■ Description of the task
Give back the data exactly, with no images.

■ Collected material
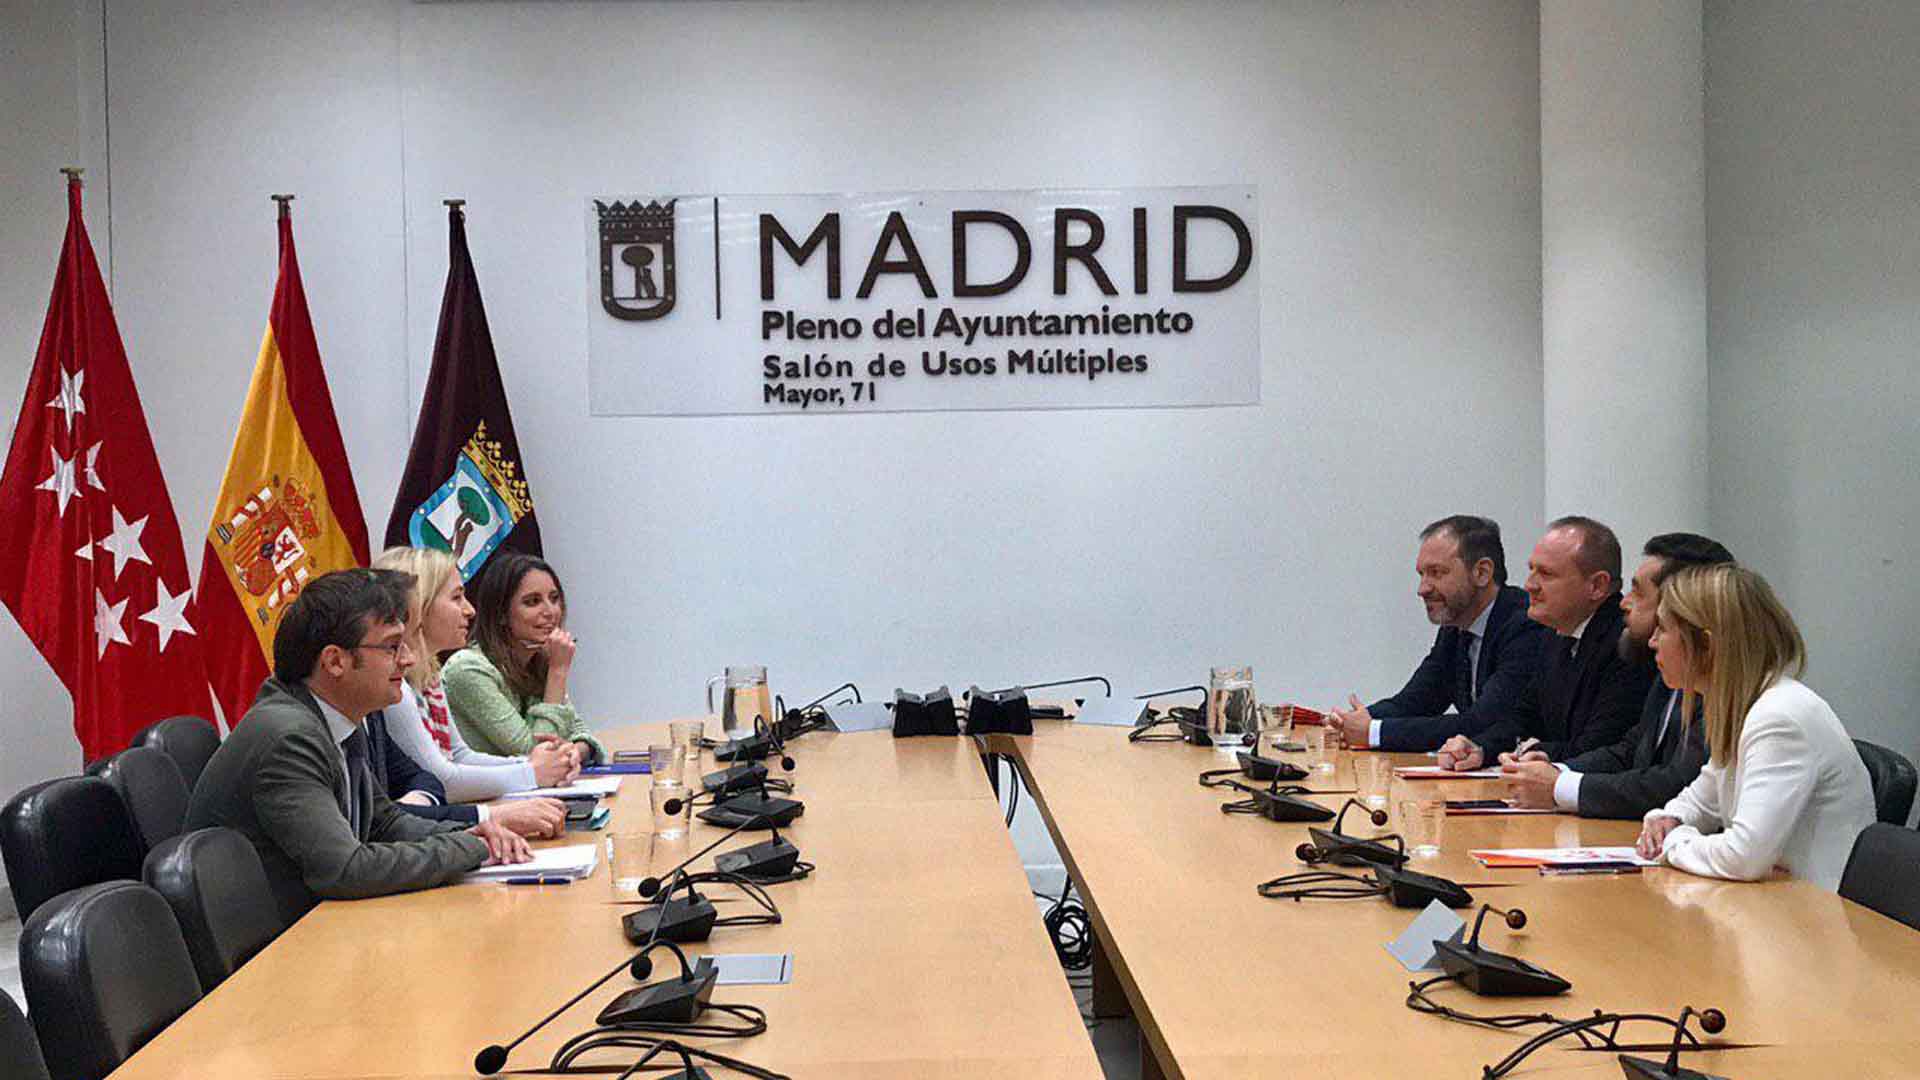 Ciudadanos ofrece al PP repartirse dos años la Alcaldía de Madrid y los populares lo rechazan
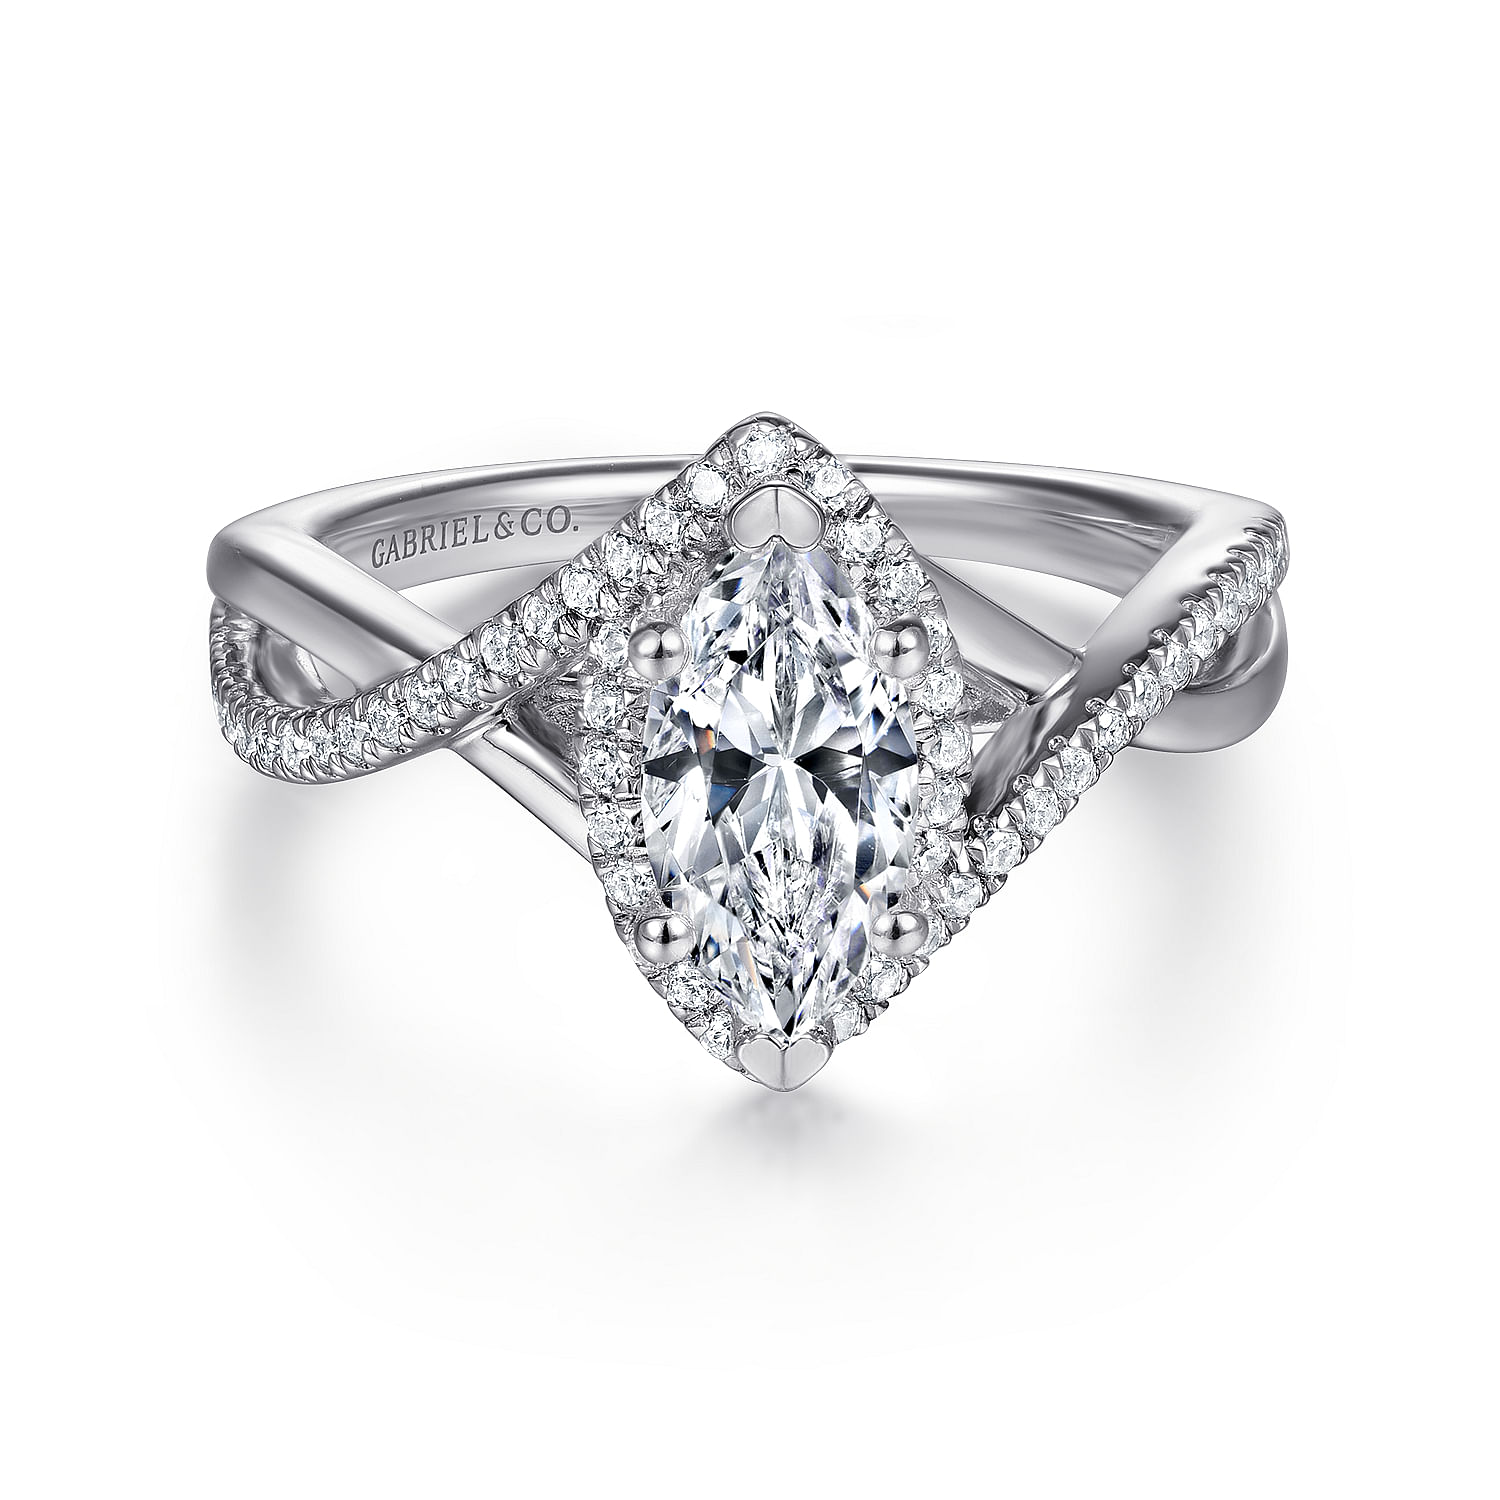 Courtney---14K-White-Gold-Marquise-Halo-Diamond-Engagement-Ring1
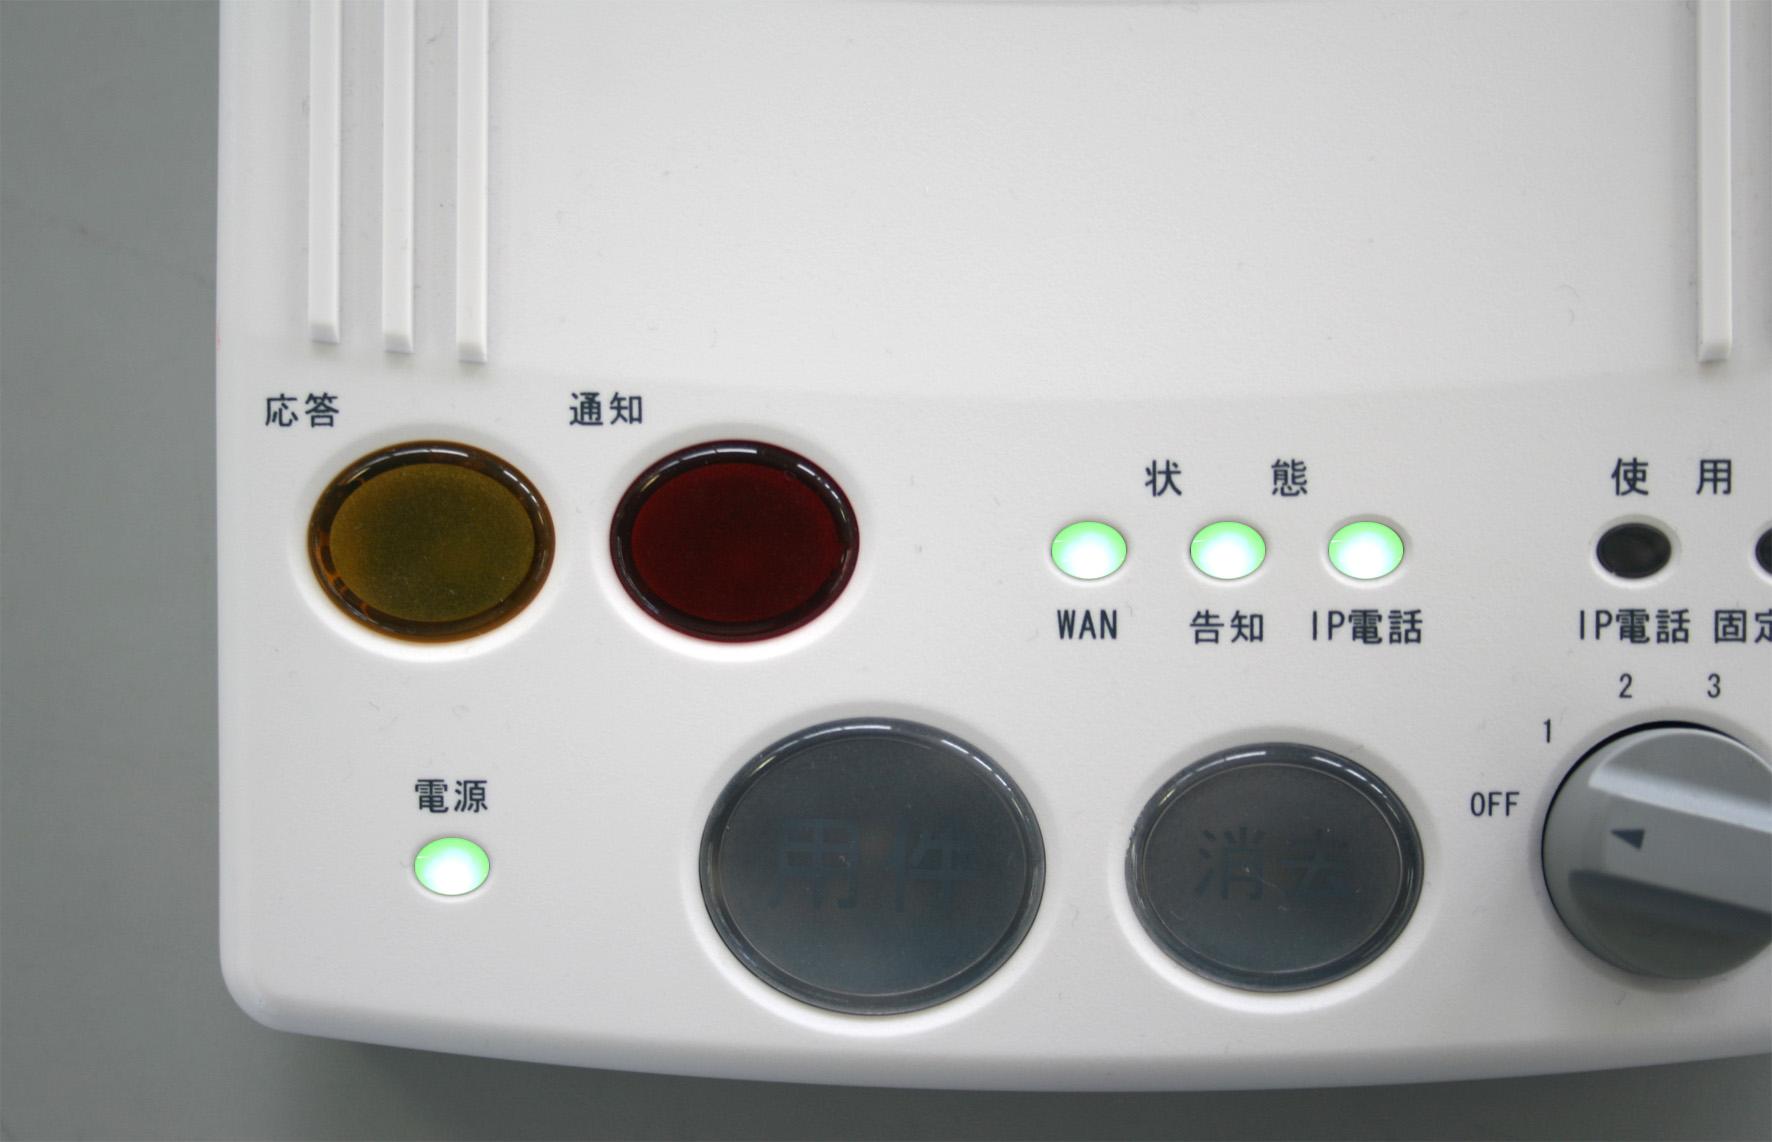 正常な点灯状態（電源ランプと3つの状態ランプが点灯している）の写真

■ Finished task
 Ciudadanos ofrece al PP repartirse dos años la Alcaldía de Madrid y los populares lo rechazan
 Courtney---14K-White-Gold-Marquise-Halo-Diamond-Engagement-Ring1
 正常な点灯状態（電源ランプと3つの状態ランプが点灯している）の写真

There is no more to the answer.